Wolfgang Haffner: Kind of Cool

Rating: ★★★★

Record and Artist Details

Musicians:

Frank Chastenier (p)
Jukka Perko (ss, as)
Wolfgang Haffner (d)
Christopher Dell (vib)
Nils Landgren (tr, voc)
Dusko Goykovich (t)
Christian von Kaphengst (all)
Jan Lungdren (p)
Max Mutzke (v)
Dan Berglund (b)

Label:

ACT

April/2015

Catalogue Number:

9576-2

RecordDate:

14–15 August 2014

In 2008 Haffner came up with a minor masterpiece for the ACT label in Acoustic Shapes that seemed to capture the spirit of a newfound confidence in contemporary European jazz that was sweeping the continent at the time. It proved a hard act for him to follow, whether in an acoustic or electric context, but this album comes close. Other than three Haffner originals, this is a fresh look at some classic jazz standards and staples of the American Popular song given luminance by an A-list of European jazz musicians. It's an album of unexpected depth for several reasons. While the album title invokes Kind of Blue it also functions in the same way – the choice of slow/medium tempos sustains a specific mood, which can function effectively as both background music (drummer Jimmy Cobb once said he had lost count of the number of people who told him they had made love to KoB), and foreground music, the exemplary playing by every musician on the album enabling it to withstand foreground scrutiny. Similarities don't end there: two tracks use the 32 bar ‘So What’ sequence – ‘Hippie’ and ‘So What’ itself – and sustain a Miles-like groove throughout. Here are European musicians congregating around the American jazz ethos of blues and swing and doing what European musicians – according to many American commentators – fail to do: swing. Haffner is an exemplary drummer, one of the leading exhibits on the German jazz scene, and the way he combines with Berglund and Landgren is an object lesson in rhythm section playing while Dell, Perko and Goykovitch (a hero of the Woody Herman band in the 1960s) are pan-European stars who feel no need to ‘prove’ themselves, but instead relax and enjoy themselves.
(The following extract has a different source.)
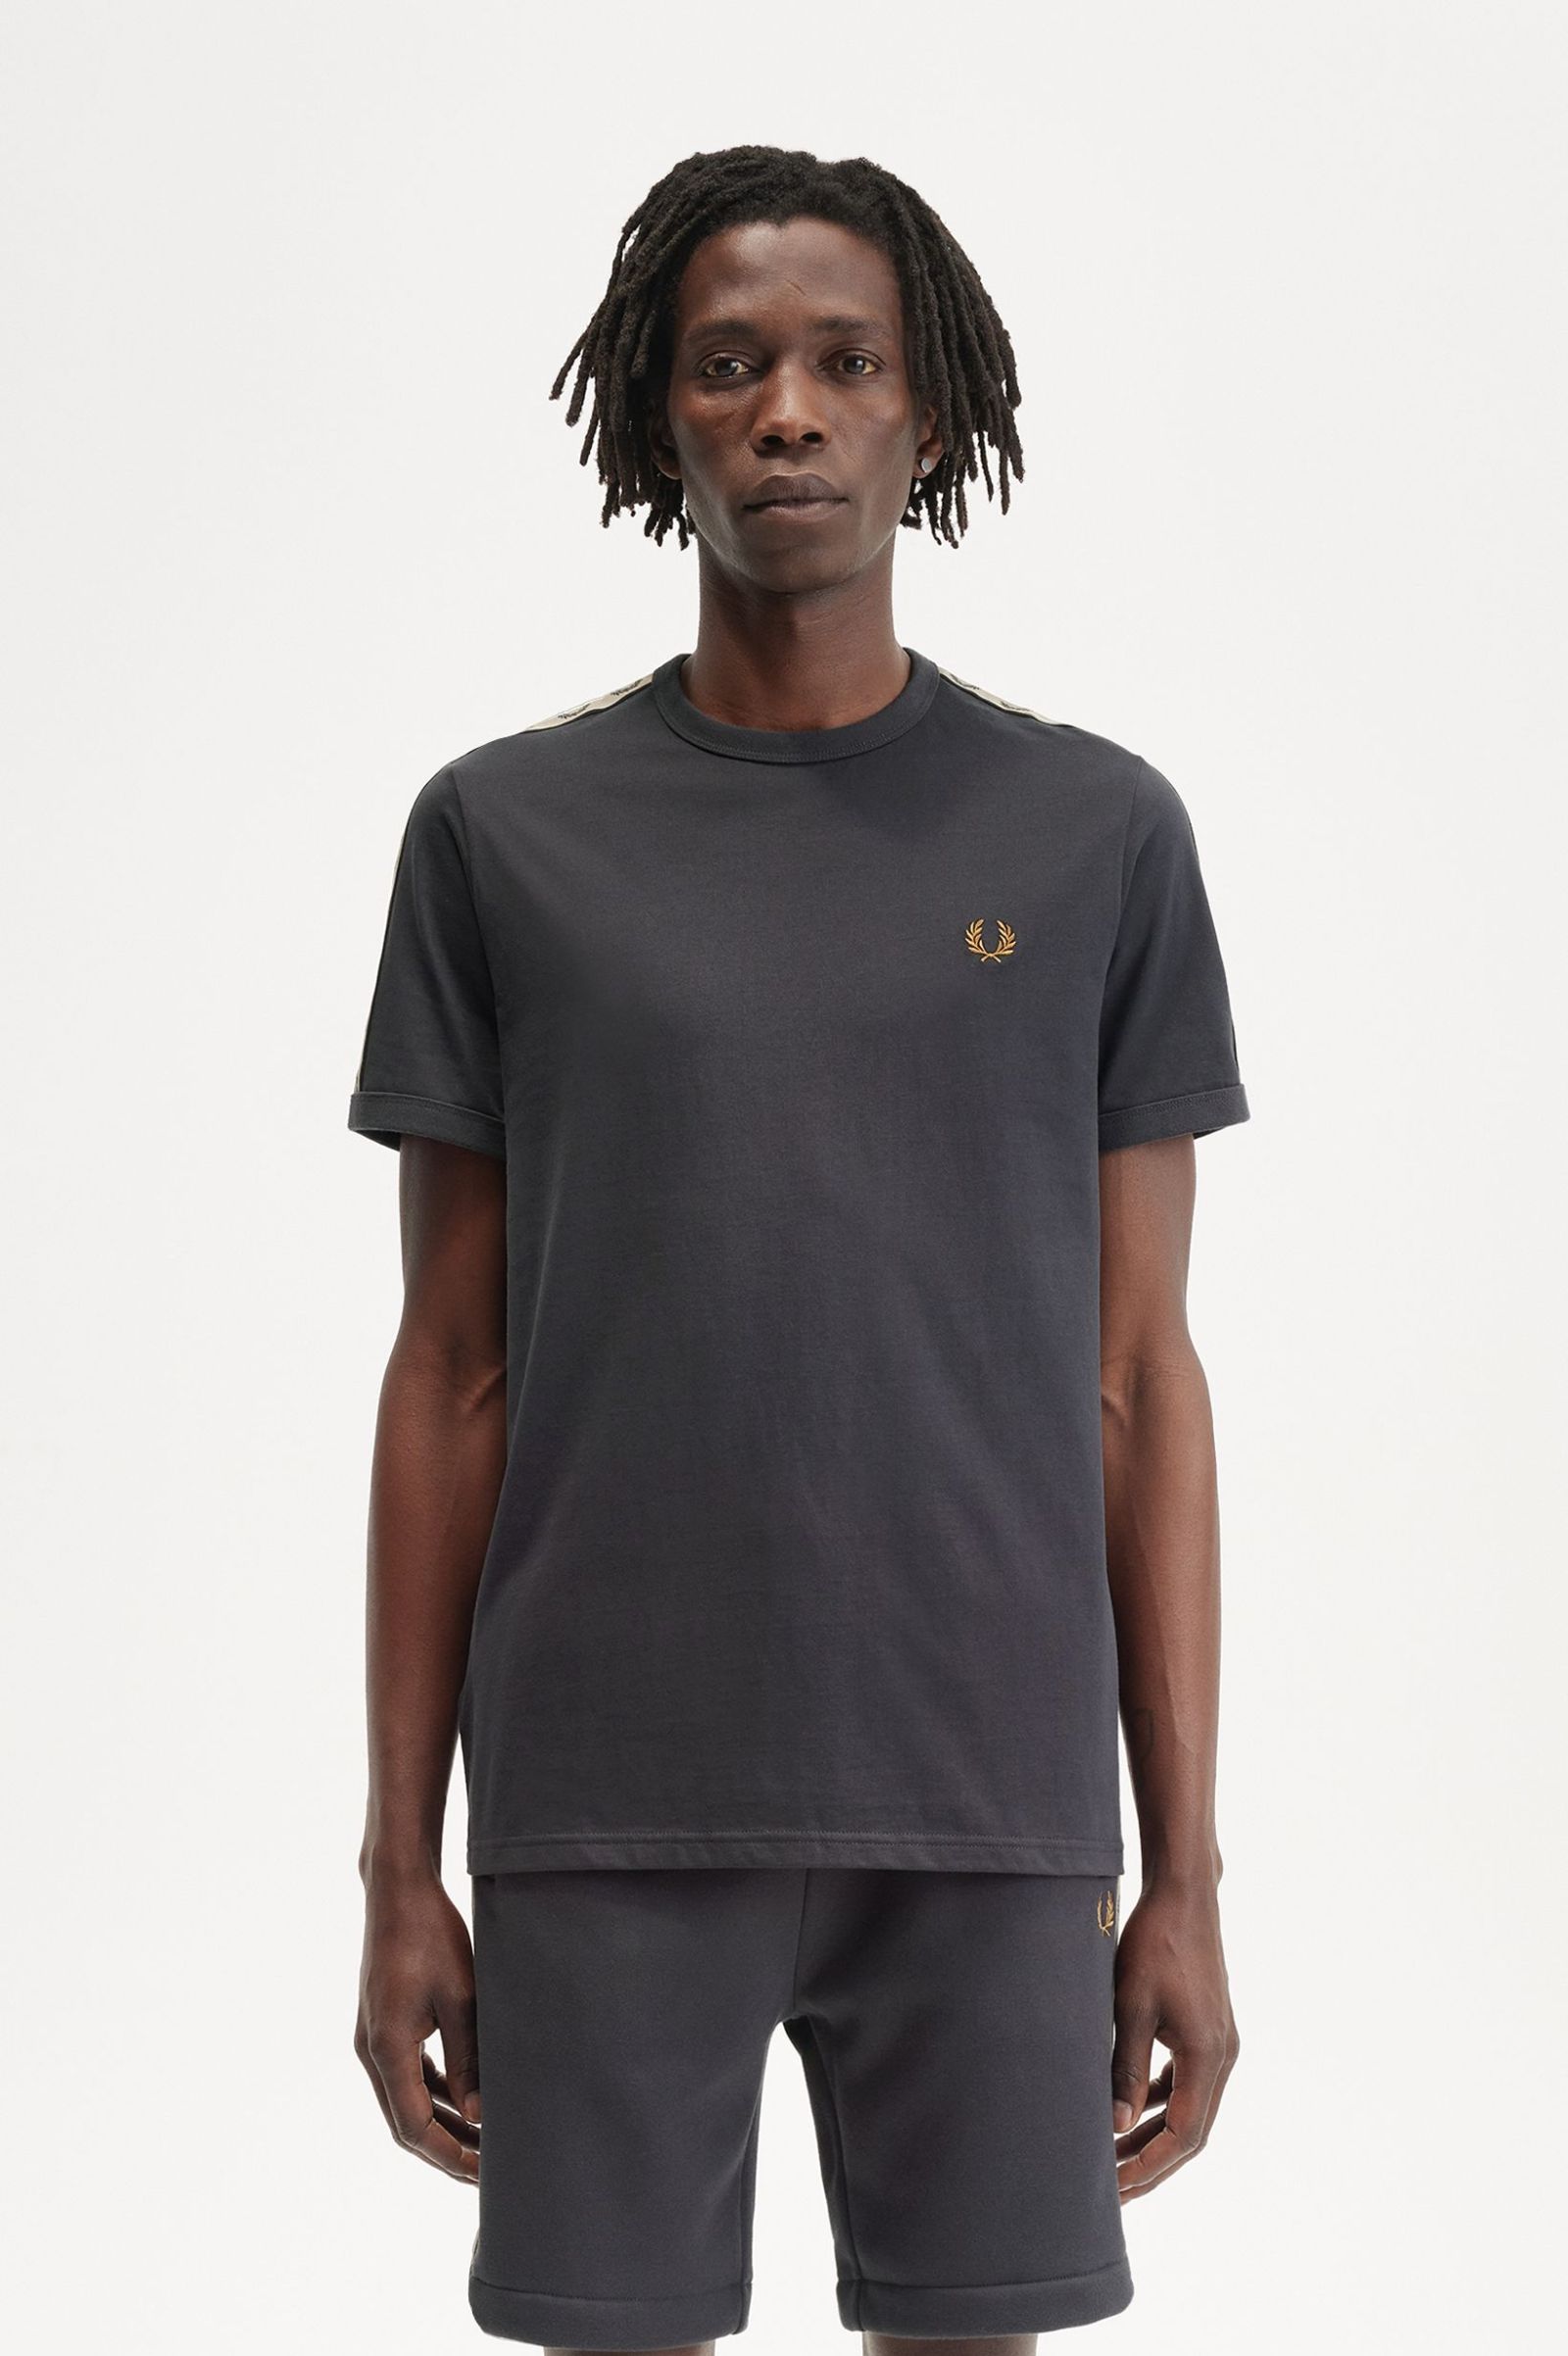 Contrast Tape Ringer T-Shirt - Anchor Grey / Black | Men's T-Shirts ...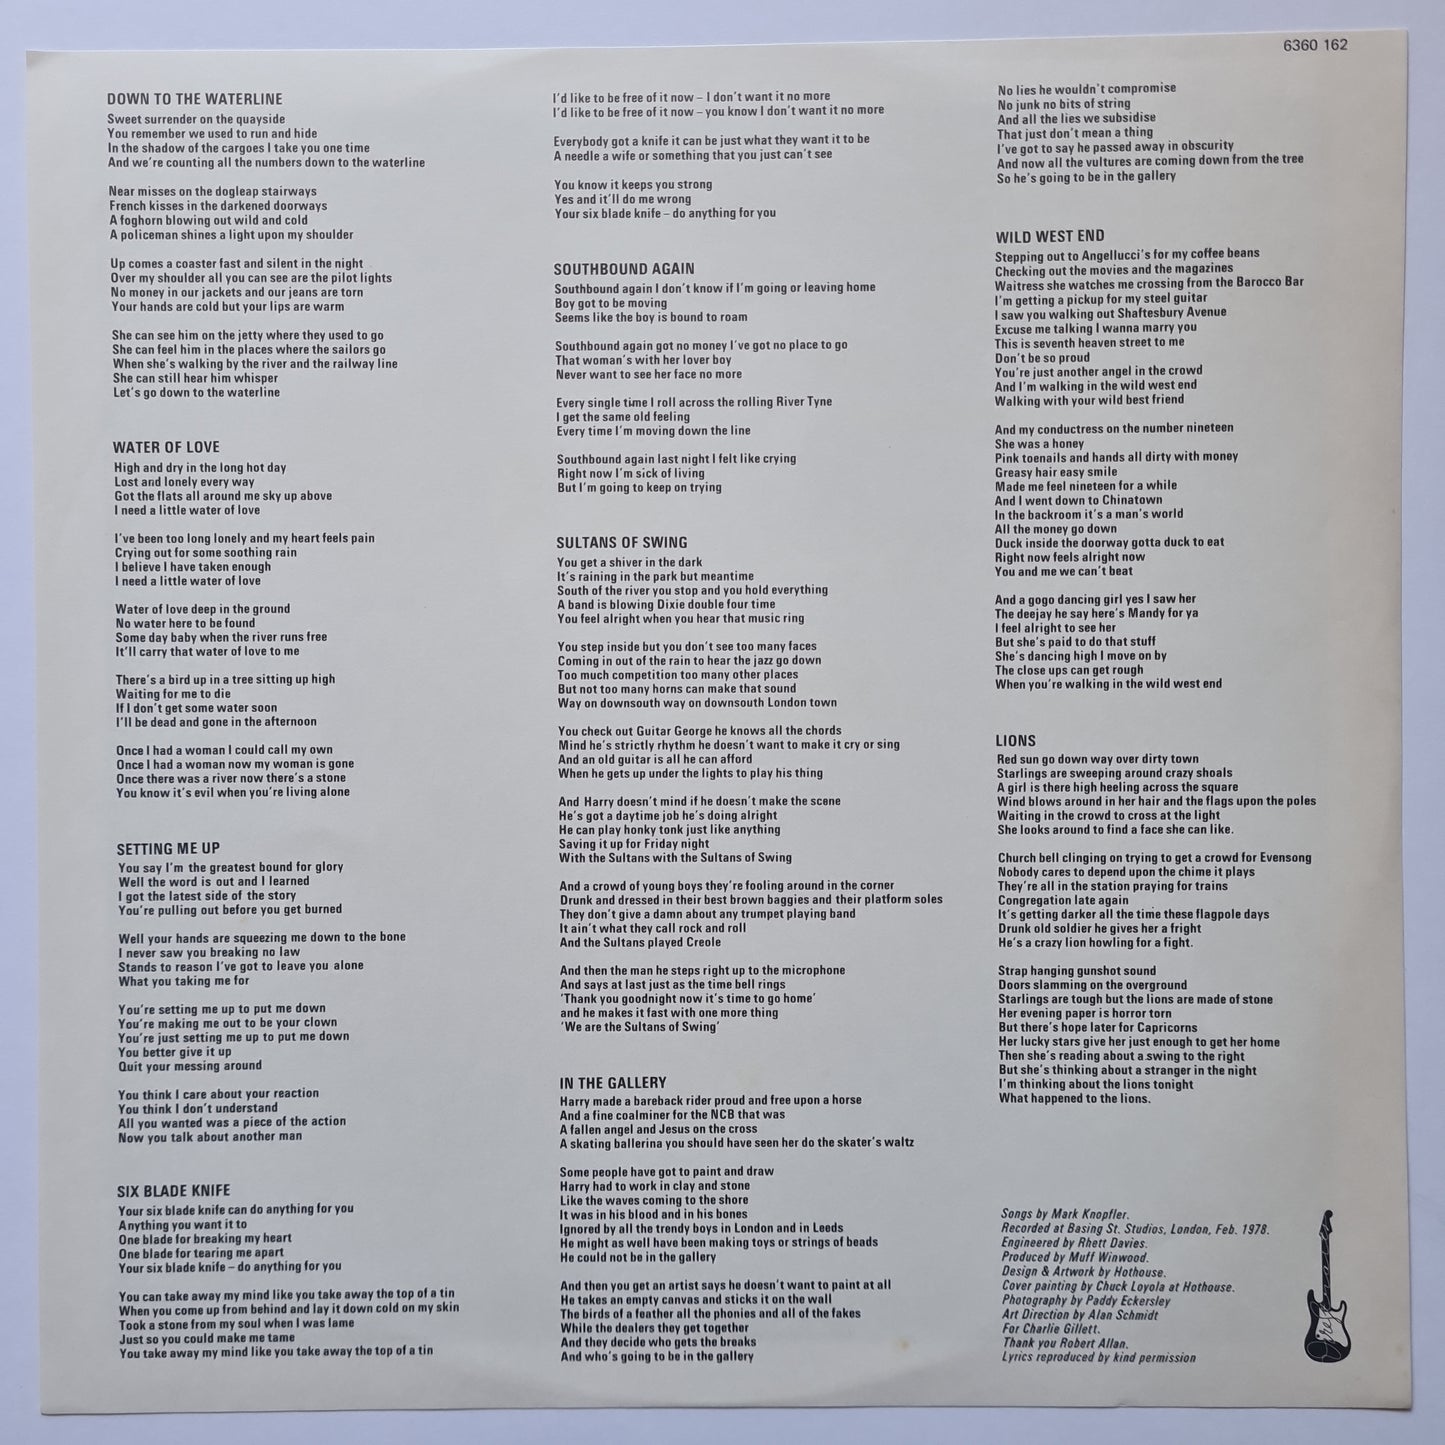 Dire Straits – Dire Straits - 1978 - Vinyl Record

This is perhaps the key. Recordings today have become expensive business cards intended to impress agents, bookers, club owners and festival producers and anyone else who can offer work opportunities, so tend to strain for effect. In contrast, here is an album where everyone is confident in their own abilities and of those around them so they play what is right for the music, rather than what they think will get them ‘noticed’. It's an album that does not set out to impress, but as it grows on you, you realise that the very act of making it all sound so easy is impressive.